Natural Language Processing

Course name: Natural Language Processing
Code discipline:
Subject area:

Short Description

The course covers classical and modern methods of processing and analyzing natural language texts. It aims to teach fundamental approaches to text analysis, to develop and consolidate skills in working with modern software tools for natural language processing.

Prerequisites

As an undergraduate level course, the students are expected to have basic understanding of probability, linear algebra, programming in python and basics of machine learning.

Prerequisite subjects

CSE101 — Introduction to Programming I
CSE202 — Analytical Geometry and Linear Algebra I
CSE206 — Probability And Statistics
CSE302 — Introduction to Machine Learning

Prerequisite topics

Course Topics

Course Sections and Topics
Section	Topics within the section
Formal foundations of text analysis methods	Fundamentals of the theory of formal languages Statistical language modeling Theory of parsing
Classical models of representation and analysis of text and applications	Models Based on Entropy Maximization (MaxEnt) Decision trees in text processing. Markov models. Support Vector Machines in Text Classification Problems Applications: information extraction, question-answer systems, text generation, machine translation Quality assessment of NLP systems
Neural network models for text analysis	Vector representations of words. word2vec model, contextual vector representations Architectures based on convolutional networks Architectures based on recurrent networks Encoder-decoder architecture Attention mechanism
Modern models based on the "Transformer" architecture	Architecture "Transformer" Self-attention mechanism Pre-trained language models. BERT. GPT

Intended Learning Outcomes (ILOs)

What is the main purpose of this course?

The course is about the processing and modeling natural languages. In addition to frontal lectures, the flipped classes and student project presentations will be organized. During lab sessions the working language is Python. The primary framework for deep learning is PyTorch.

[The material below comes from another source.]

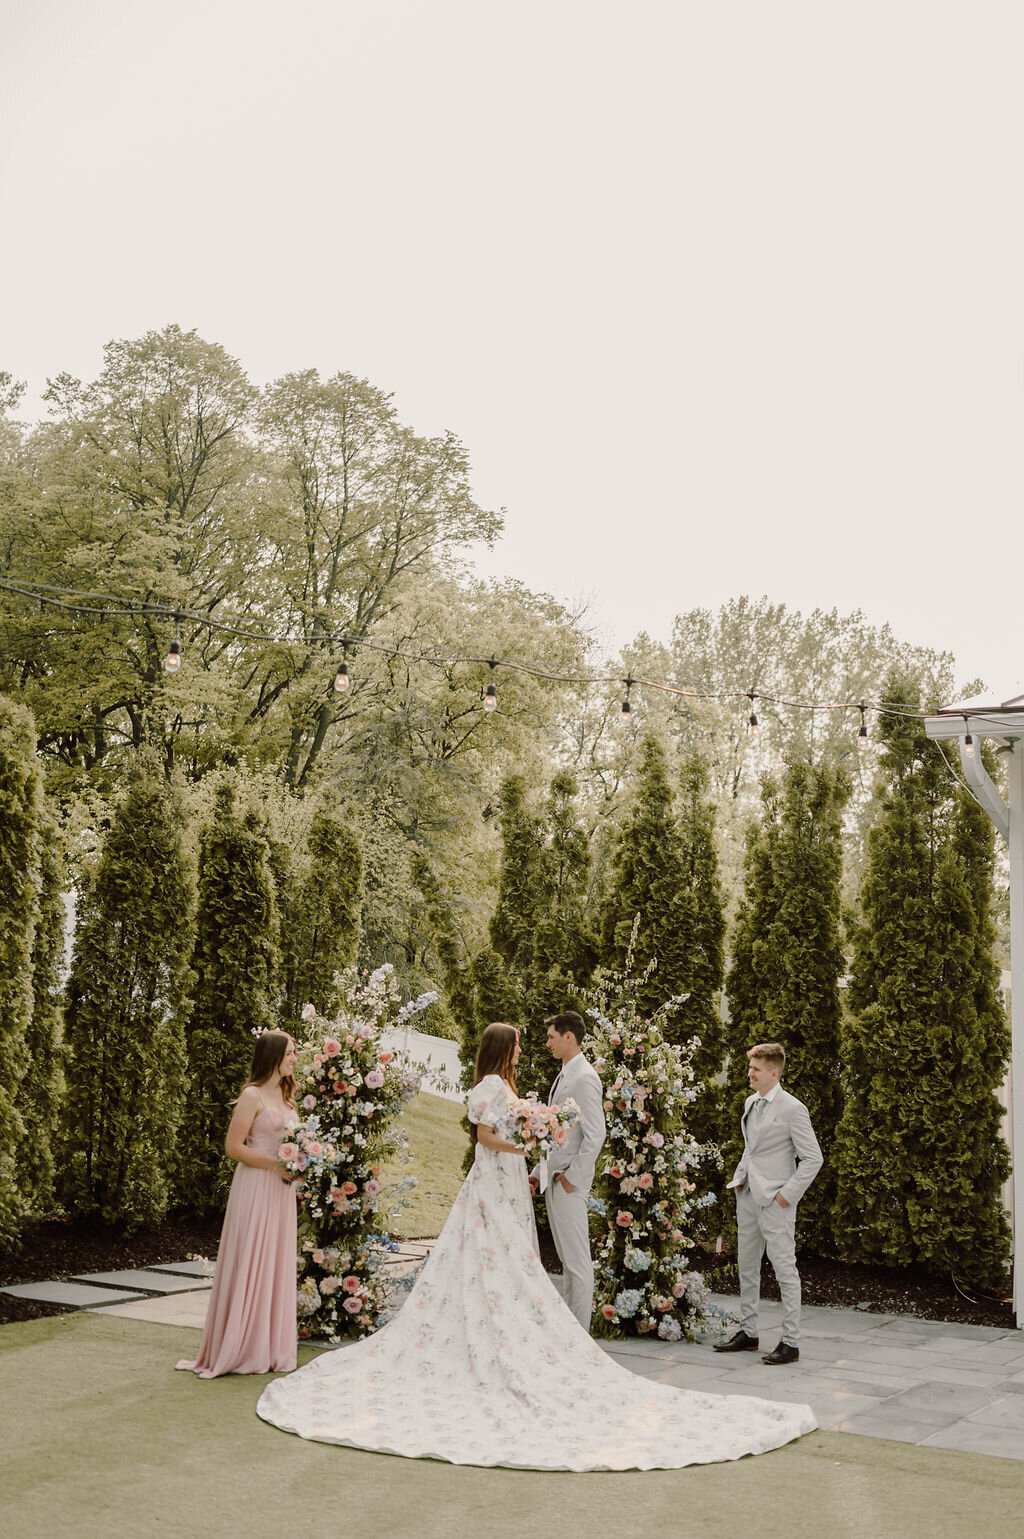 Intimate garden wedding ceremony surrounded by lush florals and greenery

Usage of TensorFlow and Keras is possible, usage of Docker is highly appreciated.

ILOs defined at three levels

Level 1: What concepts should a student know/remember/explain?

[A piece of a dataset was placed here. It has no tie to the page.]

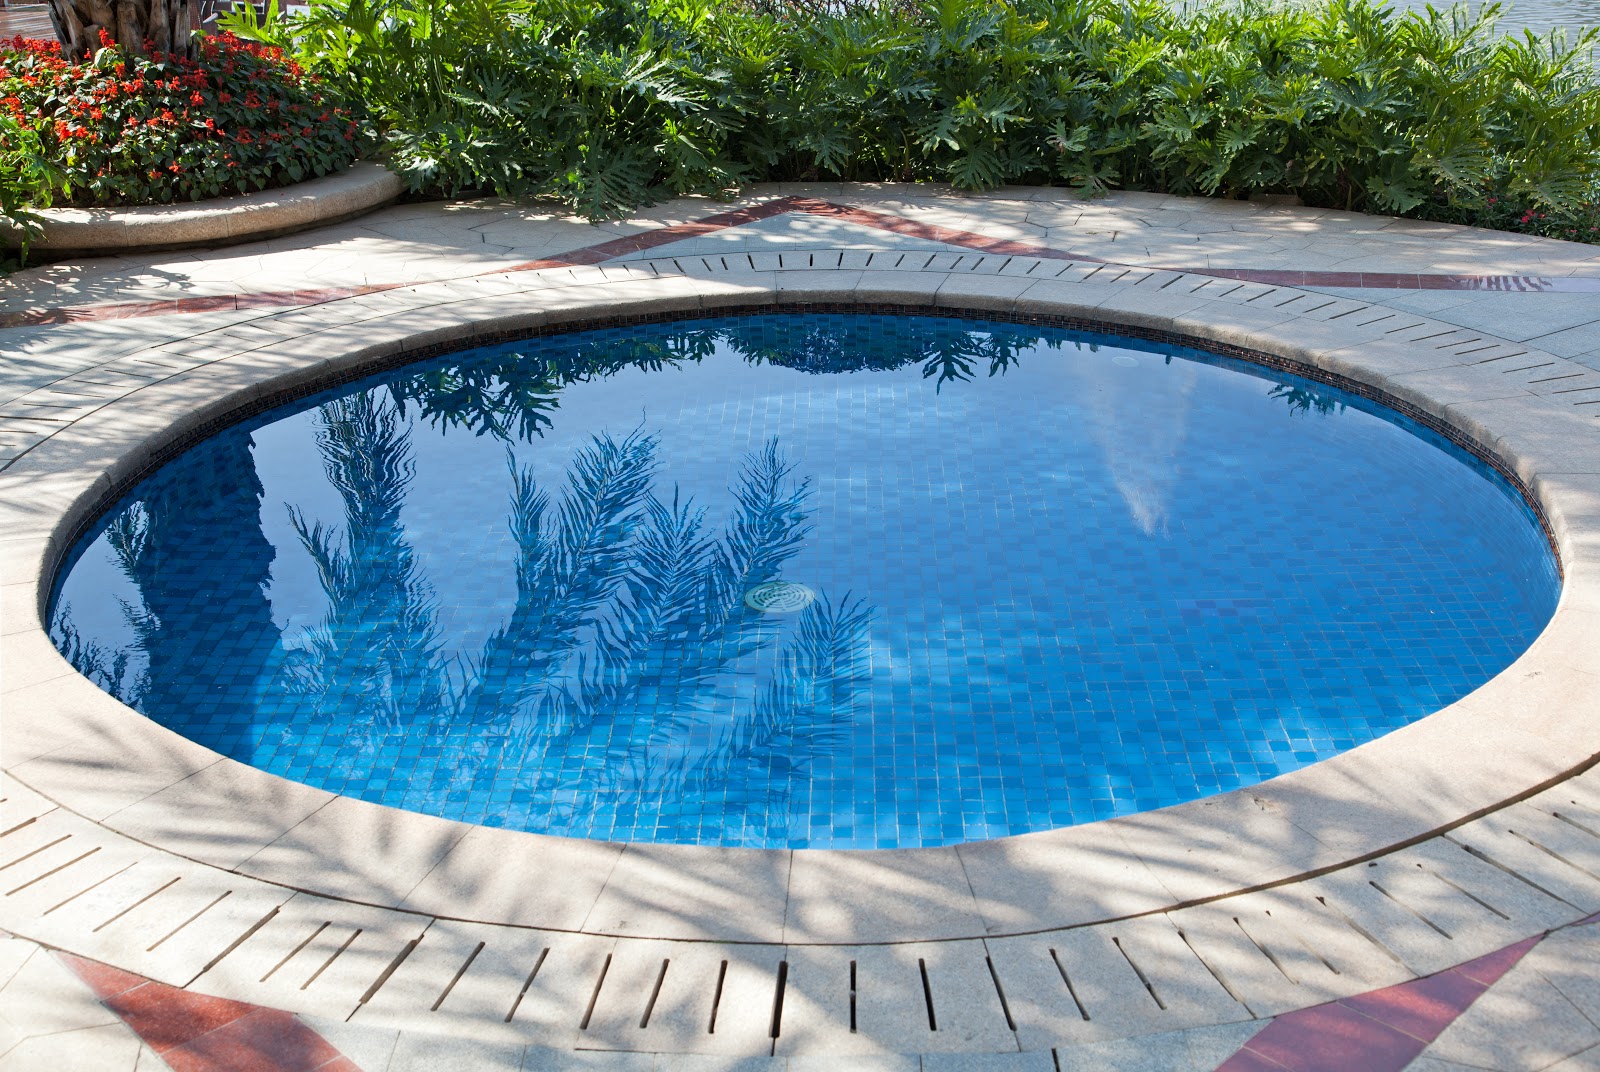 Space-Effective Designs Canadian pool trends

By the end of the course, the students should know ...

Fundamental approaches to text analysis;
Various natural language processing algorithms;
Ways to measure the performance of NLP systems;
Popular software tools for natural language processing.

Level 2: What basic practical skills should a student be able to perform?

By the end of the course, the students should be able to ...

to describe and explain the difference between formal and natural languages;
to describe and explain classical methods used for text analysis;
to describe and explain neural network architectures used for text analysis;
to describe and explain the difference between different neural network architectures for text analysis;
to describe and explain modern architectures based on the Transformer.

Level 3: What complex comprehensive skills should a student be able to apply in real-life scenarios?

By the end of the course, the students should be able to ...

to apply machine learning methods for solving text processing problems;
to apply methods for assessing the quality of NLP systems;
to apply deep learning algorithms for solving text processing problems.

Grading

Course grading range


Grade	Range	Description of performance
A. Excellent	90-100	-
B. Good	75-89	-
C. Satisfactory	60-74	-
D. Poor	0-59	-

Course activities and grading breakdown


Activity Type	Percentage of the overall course grade
Final Exam	30
Final project	30
Assignments	30
Lab Participation / Quizzes	10

Recommendations for students on how to succeed in the course

The student is recommended the following scheme of preparation for classes:

Work out lecture notes.
Work out the materials of seminars (practical) classes.
In case of difficulty, formulate questions to the teacher.

To prepare for the classes, it is recommended to use the presented resources and additional literature.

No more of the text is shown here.